There must be a new emphasis on the historical continuity of India culturally and politically. Though India did come under foreign rule, its people bravely resisted the massive efforts to replace India’s culture with cultures from the outside that refused to recognise its value. Many great gurus and yogic movements supported India’s dharmic culture through the perilous periods of foreign rule, challenging it at spiritual and intellectual levels. Many native kingdoms opposed foreign rule and maintained their own institutions.

This examination of the past requires a new evaluation of India’s Independence Movement in light of the inspiration it derived from India’s older traditions, including the Vedas, Bhagavad Gita, Yoga and Vedanta, emphasising such towering figures as Swami Vivekananda, Swami Rama Tirtha, Bankim Chandra Chatterjee, Lokmanya Tilak, Sister Nivedita, and Sri Aurobindo.
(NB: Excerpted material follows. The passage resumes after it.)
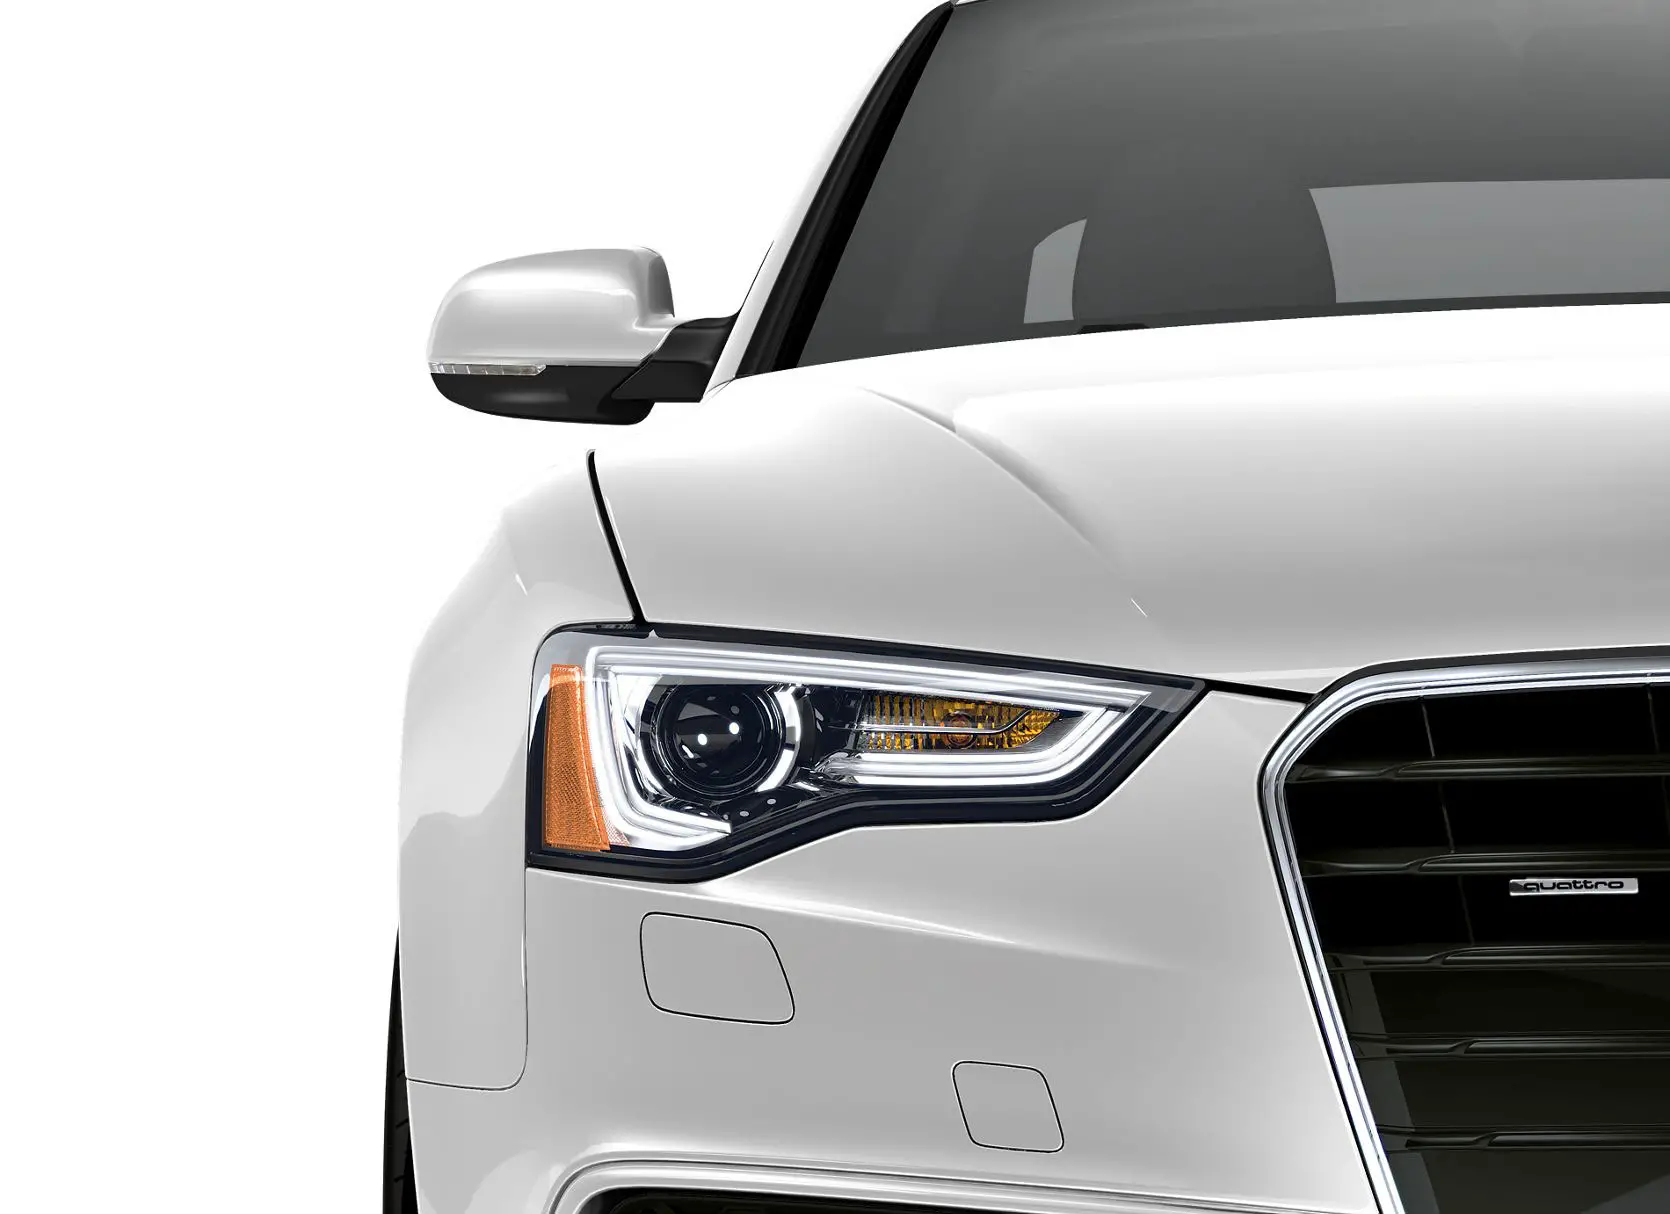 Audi A5 Premium Coupe front view

Yet linking to the past only has value in projecting a more glorious future. For this an important component is promoting India’s traditional knowledge systems in the country and globally, including Yoga, Ayurveda, Vedanta, Sanskrit, and all dharmic traditions, along with their connections with modern science, medicine, psychology and philosophy. India’s vast art and culture should also be developed, sharing its extraordinary heritage of music, dance, temples and festivals with a new global audience.

Such a resurgent India requires a new diplomatic image of India as its own civilisational centre, notably its role in the Indo-Pacific region — not just reacting to political currents from the outside, but developing both India’s soft power and hard power.

Narendra Modi has helped set the forces in motion for such a new birth of India at a civilisational level to complement its new strength at economic and diplomatic levels. Will that vision continue to prosper or will the old dynastic and Marxist shadows continue to cloud the future? This is the choice for India to make in 2019.